Luftig R.L. (1982). Normalization in paraphrase and recall effects of 
processing grammatical article type and retention interval. Journal Of 
Psycholinguistic Research, 127-140.

Miguel



From: Mike Palij [m...@nyu.edu]
Sent: Tuesday, September 27, 2016 12:42 PM
To: Teaching in the Psychological Sciences (TIPS)
Cc: Michael Palij
Subject: RE: [tips] Is memory better when message is conveyed with different 
words the second time around?

Miguel, you're welcome.  If you find the article that you originally
were looking for and/or similar ones, would you please let us
know?  Also, originally you seemed to imply that this was involved
somehow in plagiarism (sorry but I snipped that part out in my
response).  Can you expand on this point?  At first I thought I
saw where you were going in this area but now I'm not sure.

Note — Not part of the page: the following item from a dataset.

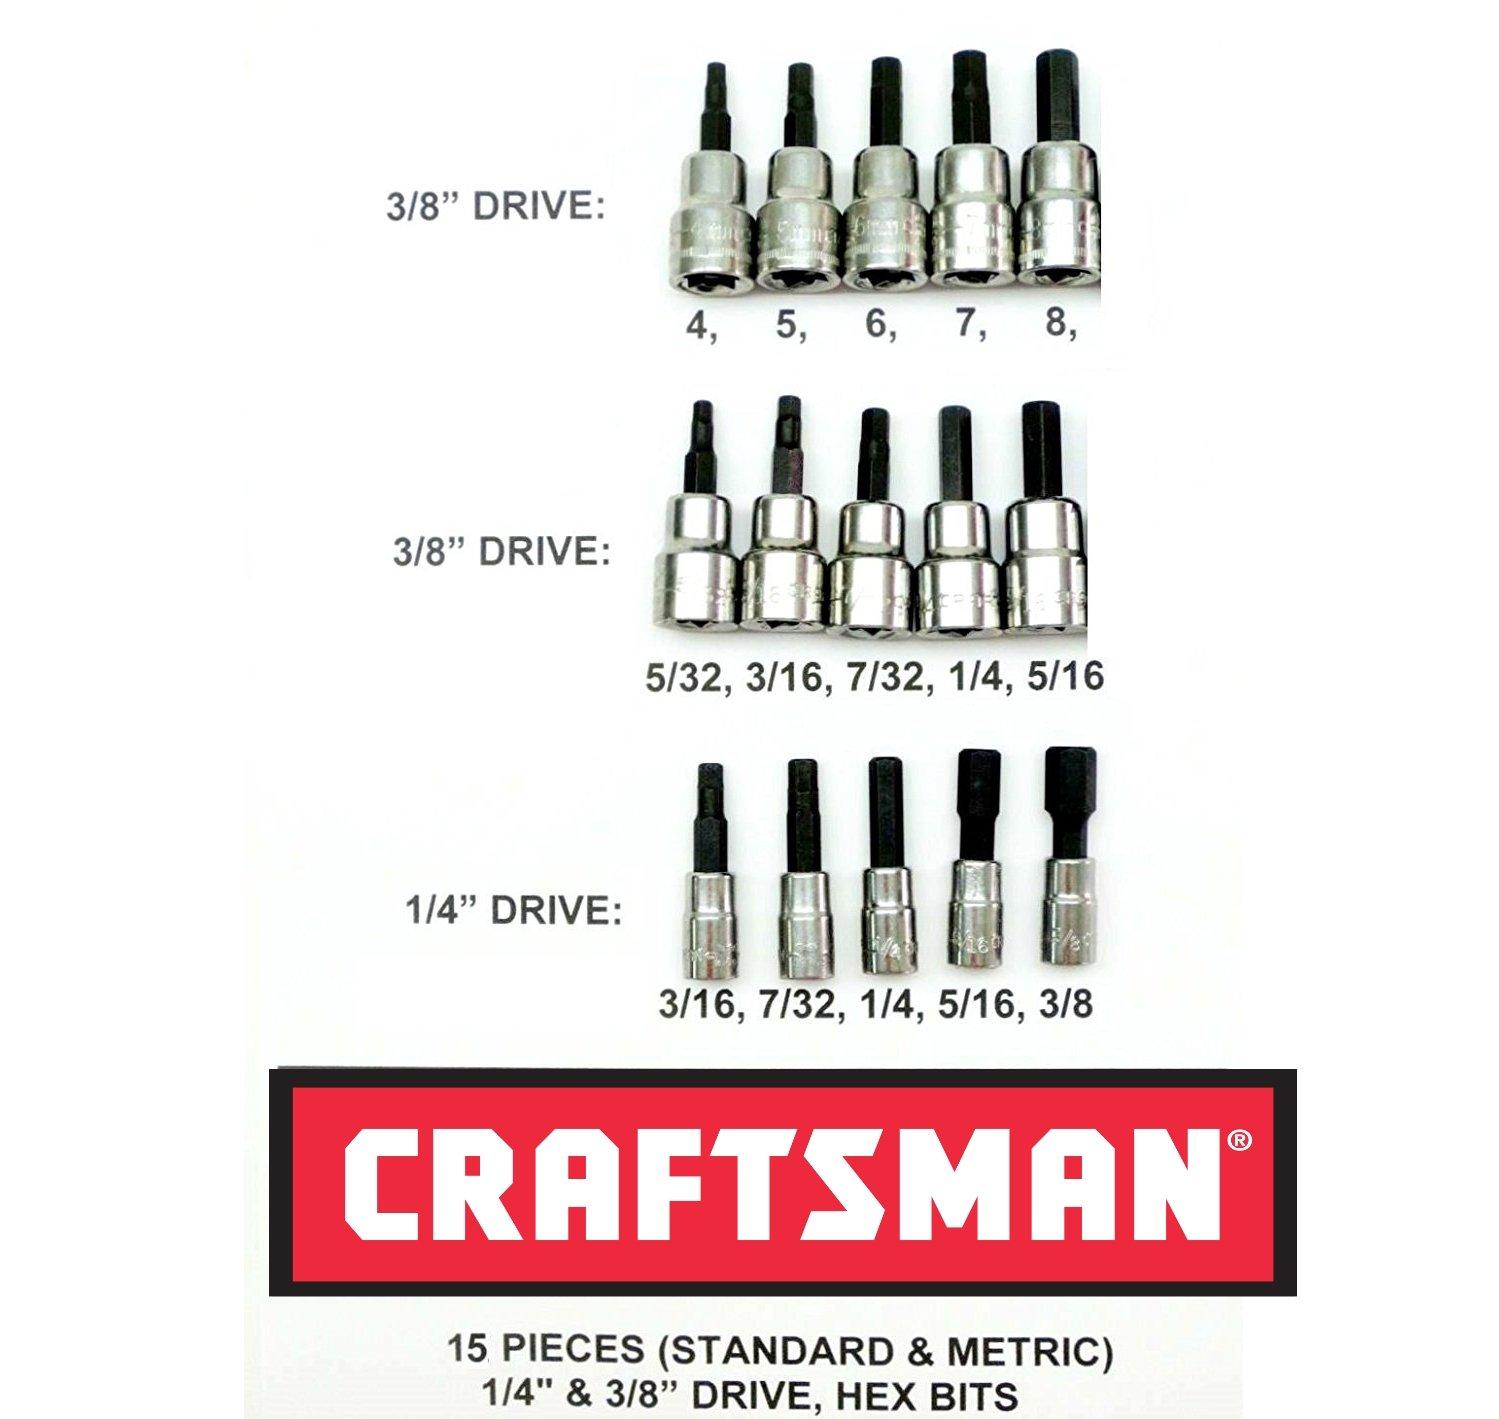 Craftsman 15 Piece 3/8'' & 1/4'' Drive Hex Bit Allen Socket Set

The results below and similar results elsewhere (Delorosa &
Bourse 1985; see my original post for full reference) suggest
that when we lecture and present either a difficult concept/point
or interpretation, we should perhaps first simply repeat what
we said (to make sure that students heard the complete
statement(s) we made and encode that) but then paraphrase
it, putting the important words/concepts in a different arrangement
or frame. Something like:

(1) the independent groups t-test is used when you have a between-
subjects design with two mean and want to determine whether the
mean dependent variable is different at each level.

(2) So, if we want to determine if two means that represent that
dependent variable at the two levels of a between-subjects design
are different, we use the independent groups t-test.

Or something like that. ;-)

-Mike Palij
New York University
m...@nyu.edu

-- Original Message --
On Tue, 27 Sep 2016 04:31:17 -0700, Miguel Roig  wrote:
I just retrieved the paper in question and the following explanation
from the
authors sort of verifies what I had been thinking:
"Recall of information in massed paraphrased repetitions was
significantly
greater than recall of information in massed verbatim repetitions of
both
visually and aurally presented information. Third, contrasts of verbatim
and
paraphrased materials in spaced repetitions conditions indicated no
significant
difference in recall. The results confirm those of Dellarosa and Bourne
(1985)
and extend them to a longer segment of prose and to aurally presented
information".

However, as with most psychological phenomena, 'it's complicated'.
Further down
in the discussion they elaborate their results as follows:

"When massed paraphrased repetitions are considered, full encoding also
should
occur on each repetition. Paraphrased versions of the same material
differ
enough in surface structure so that the retrieval cues they offer are
not
sufficient for easy retrieval of the prior encoding. When retrieval of
prior
encodings fails, full-encoding processes occur. The resulting memory
trace,
then, should be equivalent to

RE: [tips] Is memory better when message is conveyed with different words the second time around?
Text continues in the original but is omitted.